Подняв воротник шинели и нахлобучив на лоб папаху, он часами сидел теперь на балконе райкома. Лена раза четыре на день молча ставила перед ним то стакан чаю, то чашечку молока или немного узвара из сушки. Из какого-то колхоза привезли три мешка сушеных яблок и груш, и теперь все в райкоме с утра до ночи пили узвар.
Сначала дел было и впрямь немного. Но вот в порт вошло несколько иностранных кораблей, и оживленные группы американских и английских моряков, сопровождаемые восхищенными мальчишками, появились на набережной. Гости были веселы. Земля фантастической России располагала их к нежности. Они охотно фотографировались с местными жителями, особенно с жительницами, провожая аплодисментами наиболее интересных.

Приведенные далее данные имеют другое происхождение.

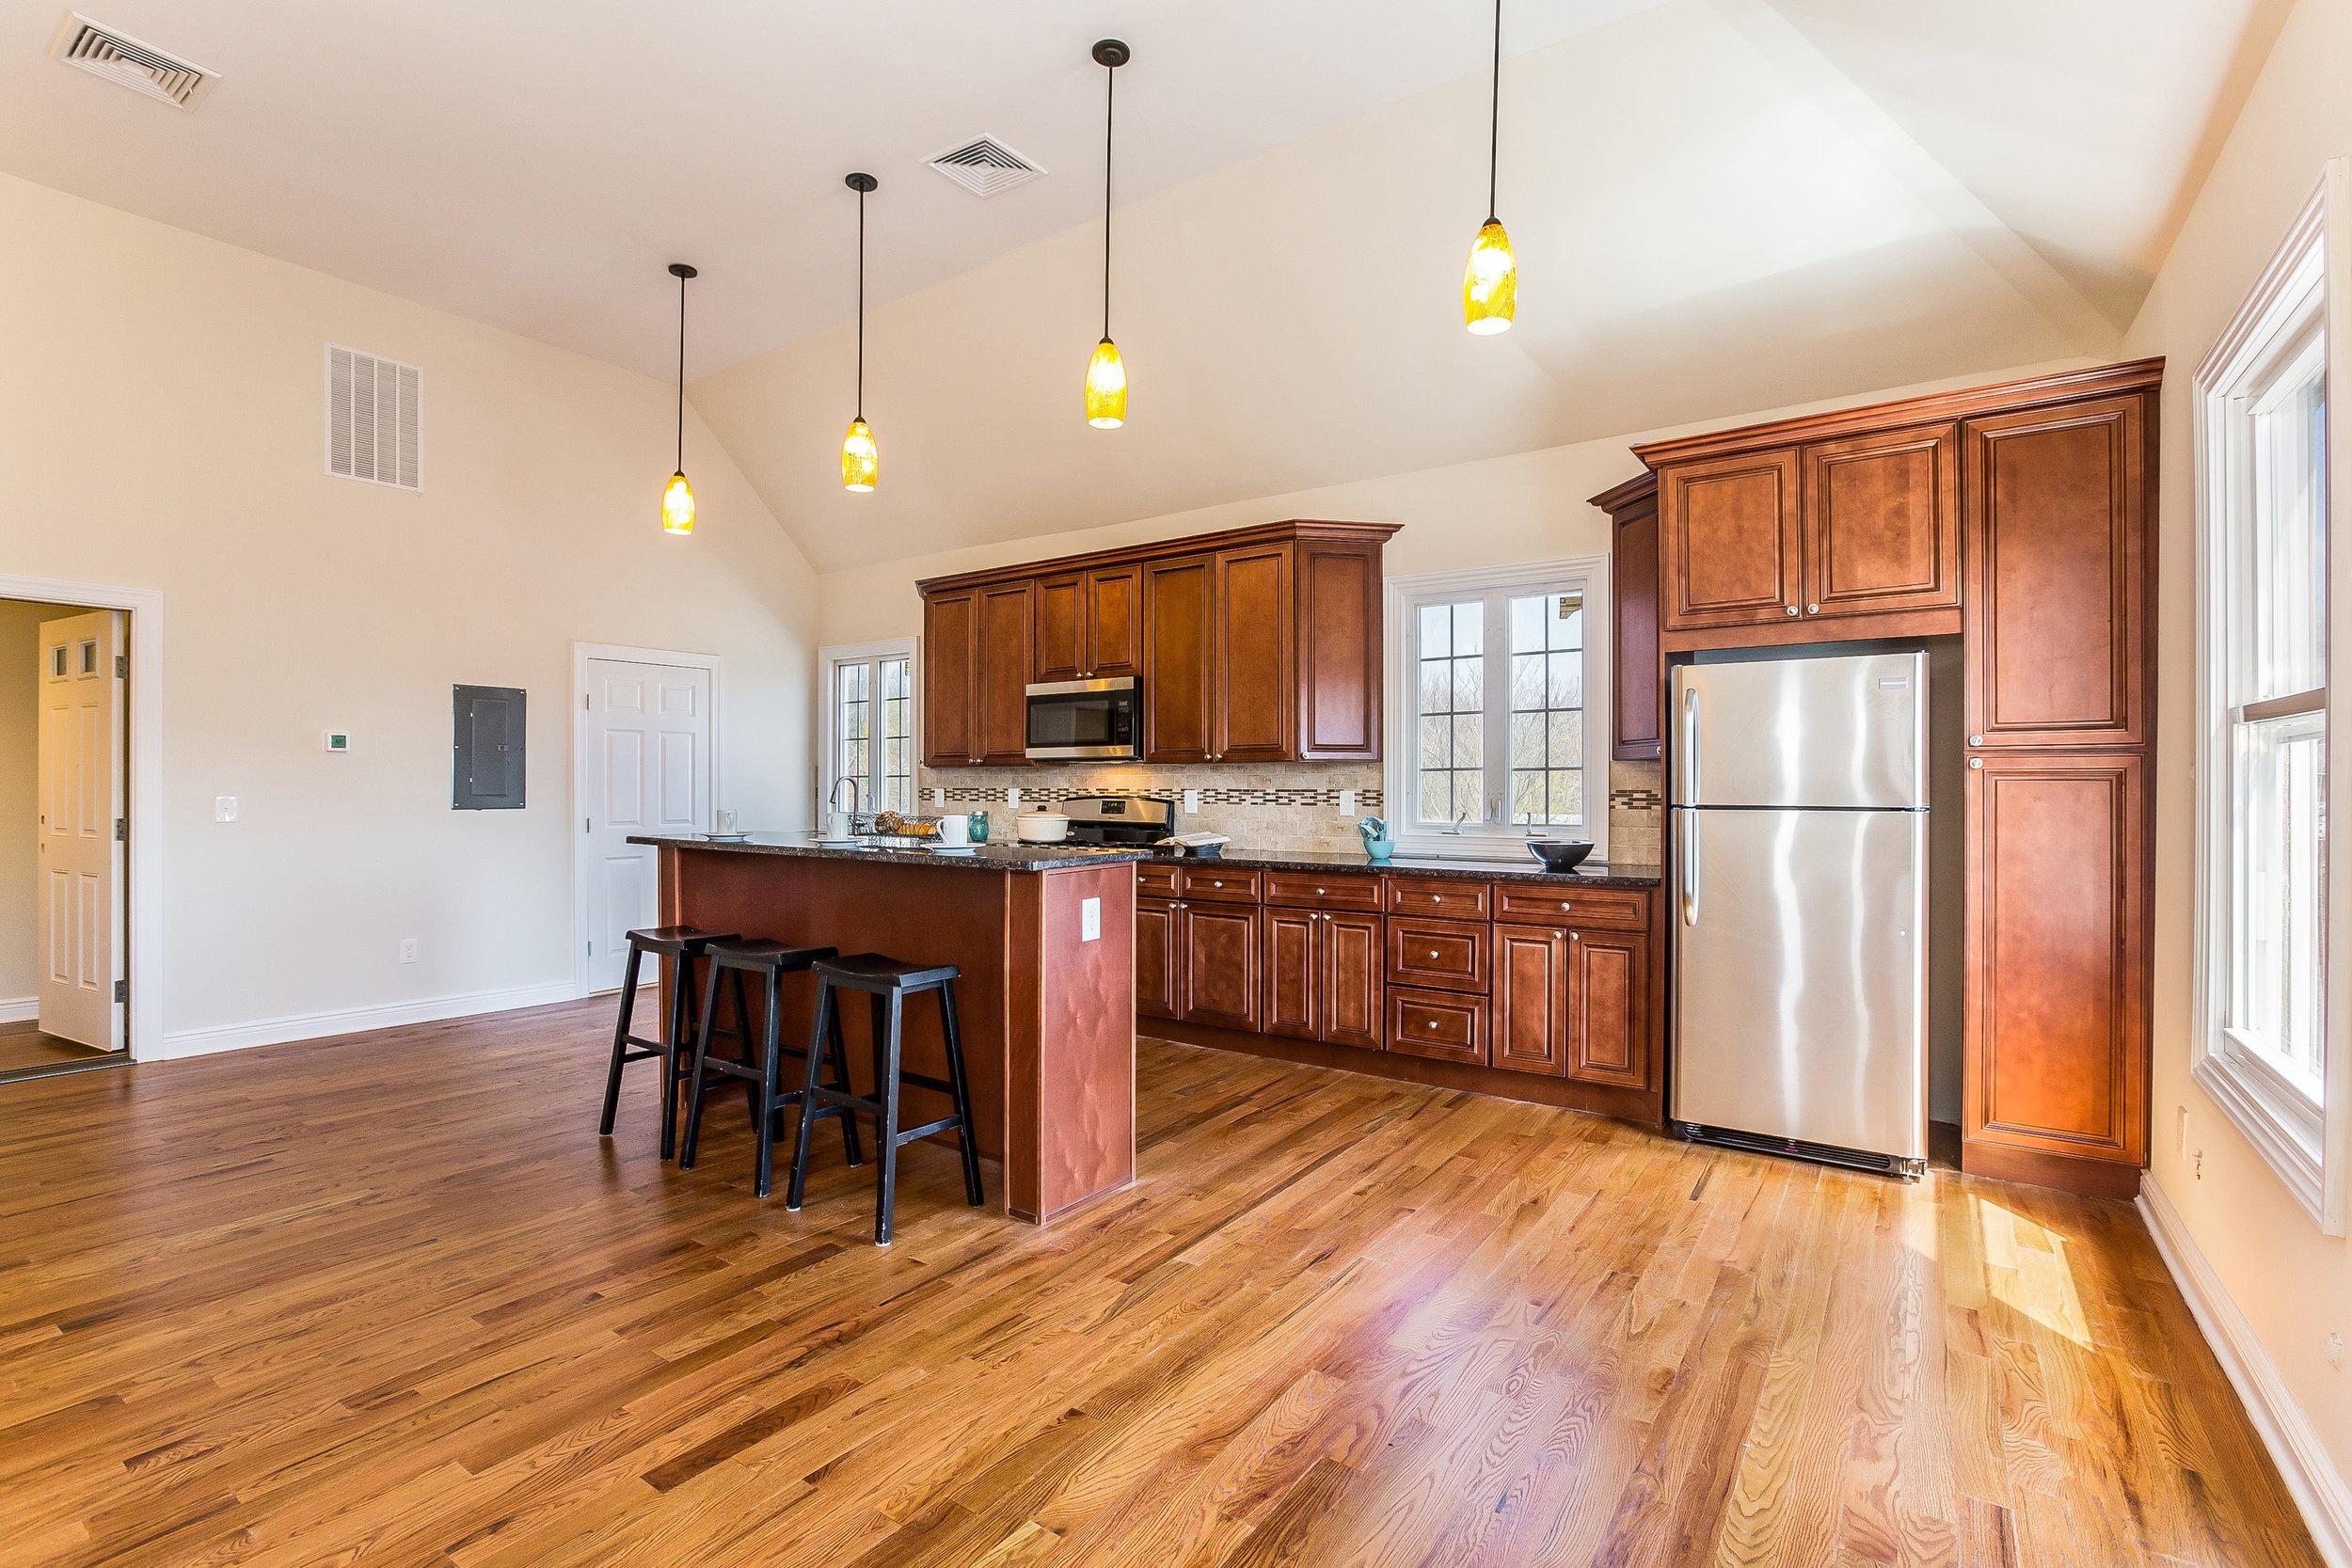 035-Kitchen-3992678-large.jpg
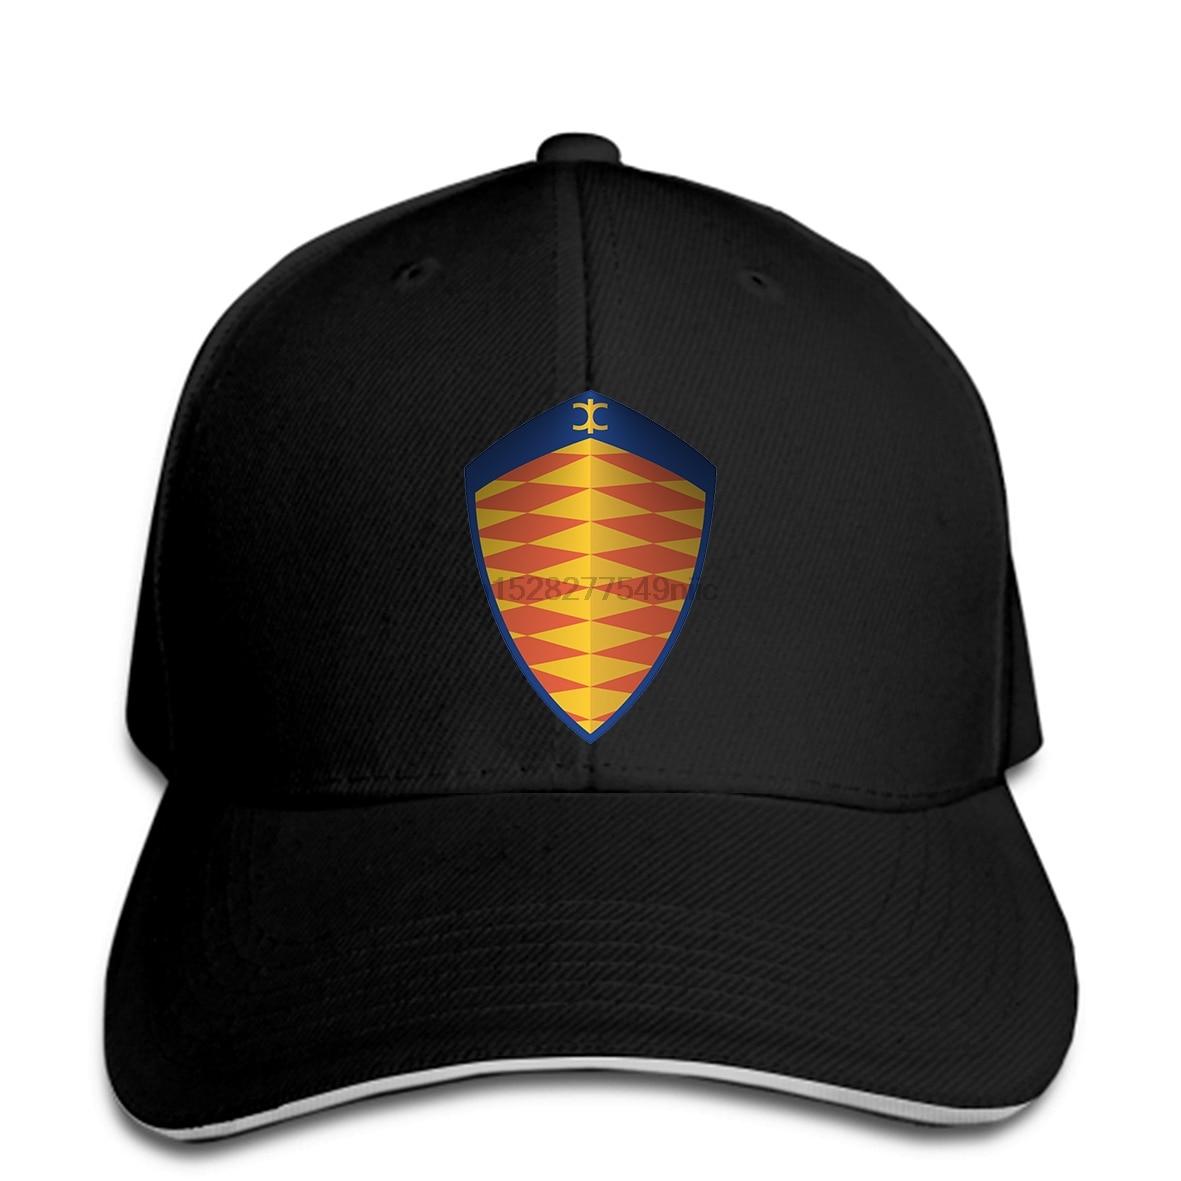 Boné de beisebol masculino koenigsegg logotipo ícone koenigsegg logotipo do carro download do logotipo snapback chapéu feminino pico

Набережная быстро заполнилась народом. Некоторые из гостей, знакомясь с достопримечательностями города, сразу же облюбовали единственный ресторанчик, приютившийся в бывшей парикмахерской. Русский коктейль, смесь пива с водкой, вызывал всеобщее восхищение, нокаутируя даже таких, кто никогда не сдавал.
Однако нужда в специальных переводчиках ни у кого не возникала до тех пор, пока не произошло несколько стычек между англичанами и американцами на почве дележа воинской славы.
Едва помирив одну группу моряков и почти клятвенно обещая им вернуться немедленно для распития большого флакона виски, Воропаев ковылял к другой, где шел рискованный разговор о Дюнкерке, чести флага и о том, что англичане чаще всего сражаются языком.
Воропаева поразила зыбкость дружеских отношений между моряками двух родственных союзных держав, а еще более — легкость, с какою каждая сторона искала поводов для размолвок. Со стороны казалось, что состояние дружбы угнетает и почти оскорбляет тех и других и что им естественно было бы чувствовать себя в разных лагерях.
Англичане — даже при уличном знакомстве с ними — произвели на Воропаева впечатление людей, с искренним удивлением замечающих, что мир, кроме них, населен еще кем-то и что эти кто-то — люди.
Охотно веря тому, что русские храбры, норвежцы набожны, испанцы горячи, а бельгийцы рассудительны, — англичане никому не завидовали, считая себя выше всех. А американцы производили впечатление очень добродушных парней, ненавидевших только два народа в мире — японцев и англичан.
От утомительных обязанностей не столько переводчика, сколько агента порядка Воропаев освободился неожиданным образом в один из ближайших дней. Уже твердо было известно, что приехали Сталин, Рузвельт и Черчилль. Рассказывали о каком-то мальчике, которому английский премьер подарил сигару. Какой-то старый моряк клятвенно уверял, что Черчилль — по призванию боксер и только перед самой войной бросил ринг. Появилось несколько женщин, с которыми разговаривал и раскланялся Рузвельт, Все красивые иностранцы подозревались в том, что они — Идены.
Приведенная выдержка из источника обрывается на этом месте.